LiDAR sensor manufacturers typically have listed accuracy values in their technical documentation, expressed in terms of 1-sigma (i.e., one standard deviation). According to documentation from their respective manufacturers, the Optech ALTM 3100 used for the 2007 survey has an accuracy of 15cm for surveys flying at 1200 m altitude above ground level, while the Riegl Q-780 used in 2018 is accurate to 2cm at a distance of 250m. However, independent validation campaigns are still needed as these tests are typically run under ideal survey conditions (i.e., low flight elevations, perfectly flat and hard surfaces) and may not apply for every given project.

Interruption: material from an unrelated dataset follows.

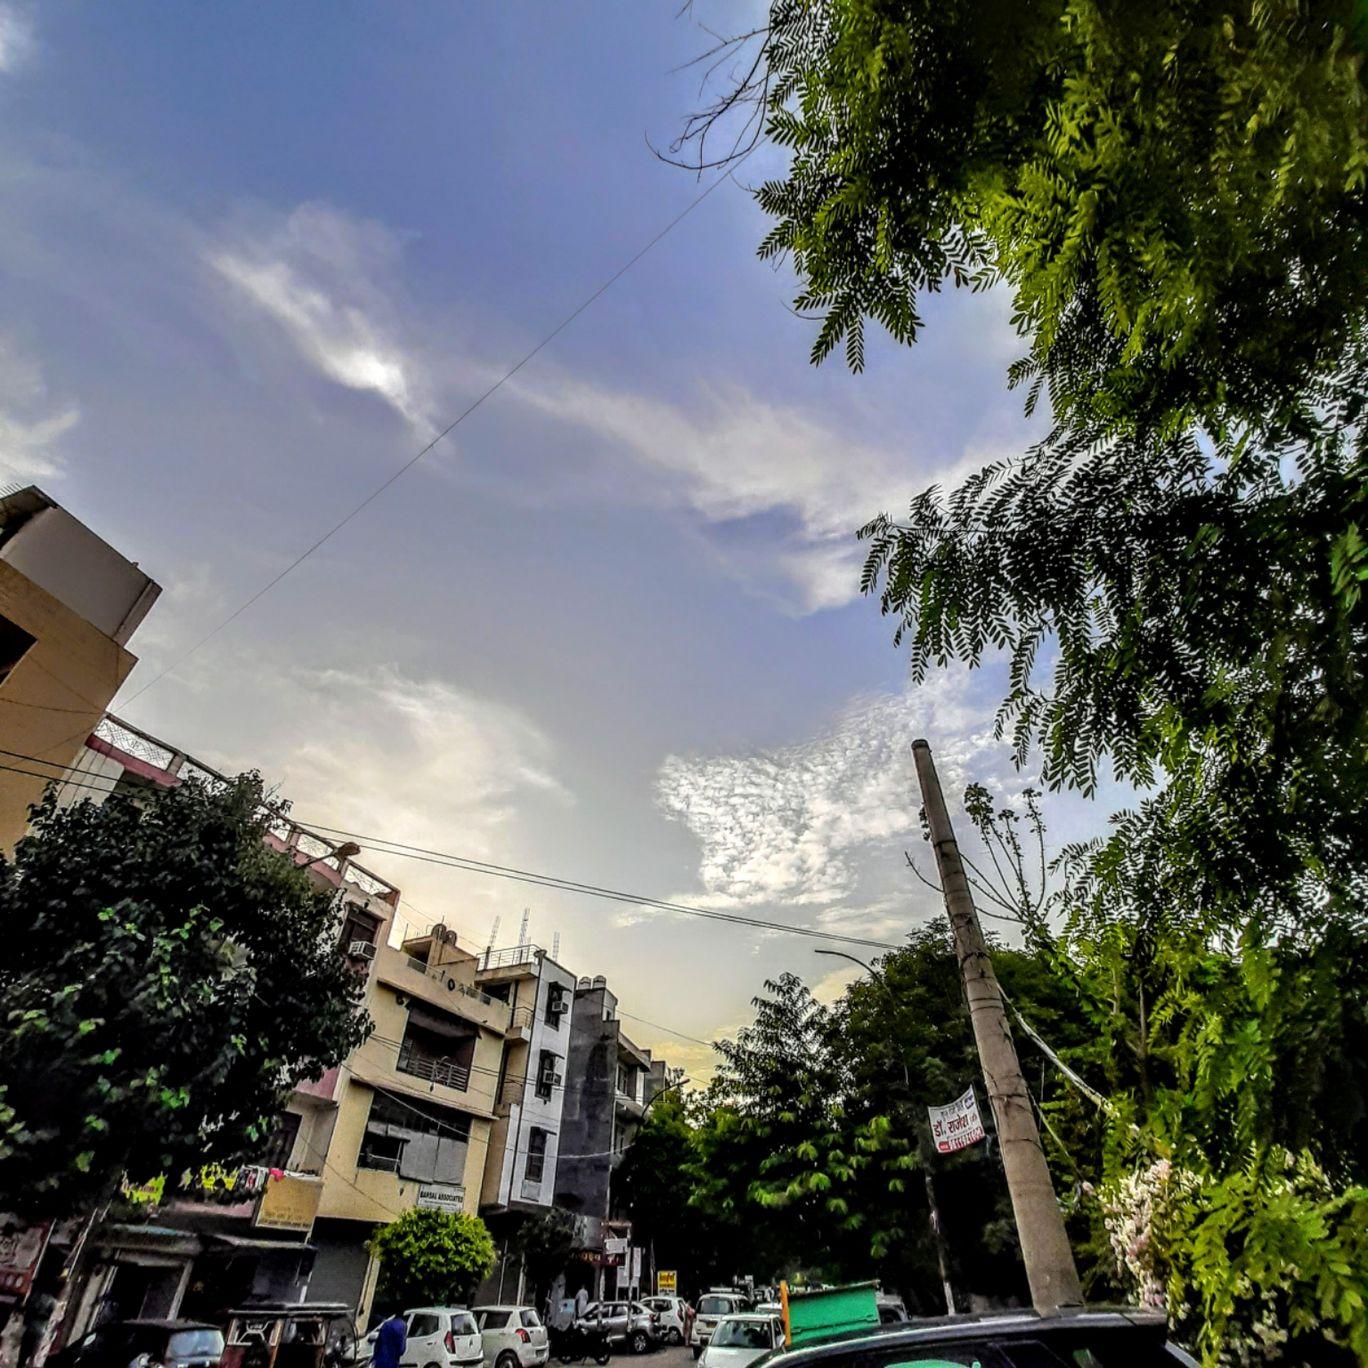 Photo of Shashi Garden By Nomadic mourish

In my field campaign, a Hemisphere S320 GNSS RTK system was used to collect several hundred dGPS points on relatively hard, flat surfaces such as roads and established ATV trails throughout the extent covered by both LiDAR surveys.
As this dGPS system was also used in the vegetation survey and shrubline mapping portions of the field campaign, any points from this vegetation work that captured an RTK Fixed position were included as a separate validation set to see how accurately the LiDAR could represent steeper, irregular terrain with substantial above-ground vegetation cover.
Before treating the dGPS coordinates as a true ground surface to compare our LiDAR to, they first needed to be post-processed to ensure they’re as accurate as possible. We configured our dGPS base station receiver in the field to record raw logging data every second it was transmitting for this purpose. These raw .BIN files include detailed information on the position and movement of GPS satellites referenced by the base station, atmospheric conditions throughout the survey period, and more.
Post-processing of the validation points was done using Natural Resources Canada’s Precise Point Positioning (CSRS-PPP) and TRX tools. CSRS-PPP uses precise GPS orbit and clock products generated through international collaboration to improve positioning results by a factor of 2 to 100 when compared to uncorrected positions. Once the dGPS raw logging files files are converted to RINEX format and run through CSRS-PPP, their “true” positions and shifts required to achieve them are provided in a detailed PDF over email.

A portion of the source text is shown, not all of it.